If the header_size is 32 or greater (except for MSCR packets), the next
16 bytes are as follows:

 * ubyte[4] unknown;
 * uint32 data_size; // not including header, round up to 16.
 * ubyte[4] unknown;
 * ubyte[4] unknown;

### Packet data and sub-packets

For packets with headers of 32 bytes or more, there may be "sub-packets."
These generally look like:

	+------------------------------+
	| Containing Packet Header     |
	+------------------------------+
	| Containing Packet Data       |
	| ...                          |
	|                              |
	| +--------------------------+ |
	| | Sub Packet #1 Header     | |
	| +--------------------------+ |
	| | Sub Packet #1 Data       | |
	| |                          | |
	| +--------------------------+ |
	| | Sub Packet #2 Header     | |
	| +--------------------------+ |
	| | Sub Packet #2 Data       | |
	| |                          | |
	| +--------------------------+ |
	+------------------------------+

Everything is aligned to 16 bytes, which is very convenient for hex editors.
The data size or packet size can be 0, which means there's no data.

### Sub-structures

Even though the files already have a nesting capability for the headers,
sometimes there will be a data packet that is opaque, but itself is just
another file formatted in this same way (with headers and nesting all over
again.)

For example, MLX files (which contain graphics) have an IZCA packet that
works exactly this way.

### XOR encryption

Some files have their data segments encrypted using a rolling XOR.  How
it determines the first byte is not understood, but generally not needed
because the files follow a consistent format.

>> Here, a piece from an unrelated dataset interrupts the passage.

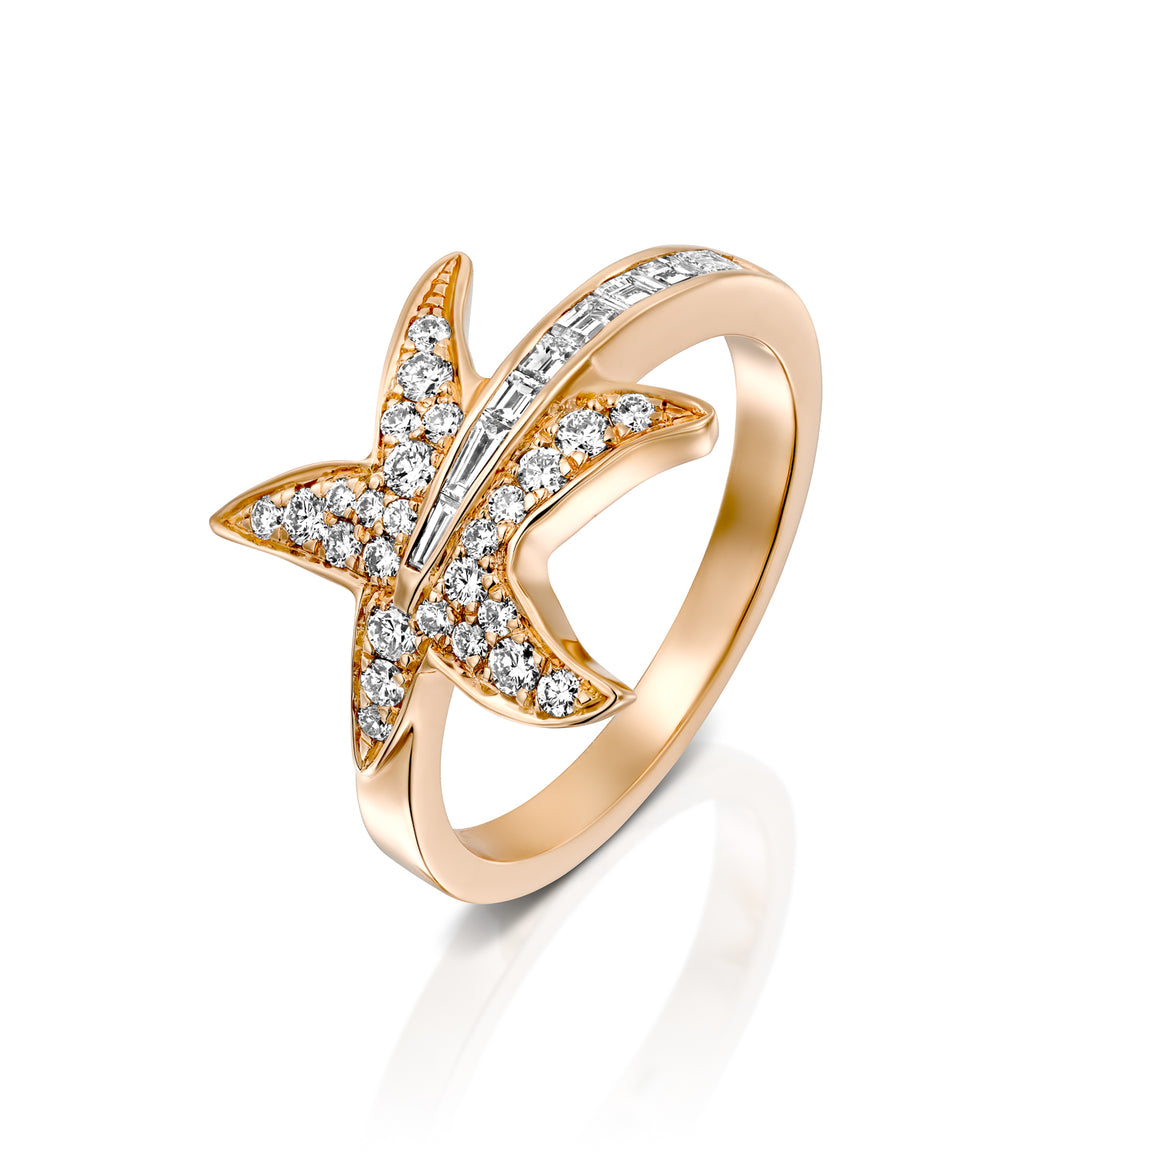 ROLSF01-Tropicana diamond ring 18k Gold

If the "flags" uint32 in the header has its 19th bit set (0x40000), then
this encryption is being used.

You can simply XOR each byte by the previous byte (pre-encrypted.) This is
easy to decrypt and re-encrypt.

### MTP files (MTPA packets)

MTPA packets are fairly simple and just have the Shift-JIS text with
each byte incremented by one for no apparent reason.

Note that pointers within the data are generally relative to the header.
That is, if the header is 32 bytes, than 0x20 would point to the
beginning of the data.

	struct info_header (16 bytes)
		DWORD unknown5		always 0x4000000f
		DWORD pointer_count	number of pointer records
		DWORD data_size		number of DWORDs each data record is
		DWORD data_count	number of data records

	struct unknown6[]		repeats data_size times
		DWORD unknown7		always <= 2

	<pointer segment>
	struct pointer_record[]	repeats pointer_count times
		DWORD data_pos		pointer into data record segment

	<data_segment>
	struct data_record[]	repeats data_count times
	if data_size = 2
		DWORD id			id of voice data within OD_VOICE.AFS
		DWORD text_pos		position of text within text segment
	if data size = 4
		DWORD flags1?		unknown meaning, varies wildly
		DWORD id			id of voice data within OD_VOICE.AFS
		DWORD text_pos		position of text within text segment
		DWORD flags3?		0x00 or 0x01 with 4 mysterious unique exceptions

	struct unknown8[]		always once?
		DWORD unknown9		unknown meaning
					EACH BYTE INCREMENTED

	<text_segment>
	struct text_record[]	undetermined length?
		UBYTE* shiftjis		text in shift jis, null terminated
					EACH BYTE INCREMENTED

	EACH BYTE INCREMENTED section always multiple of 4 bytes
					
	struct footer_padding
		DWORD padding		always 0x00 (padding to align ENRS)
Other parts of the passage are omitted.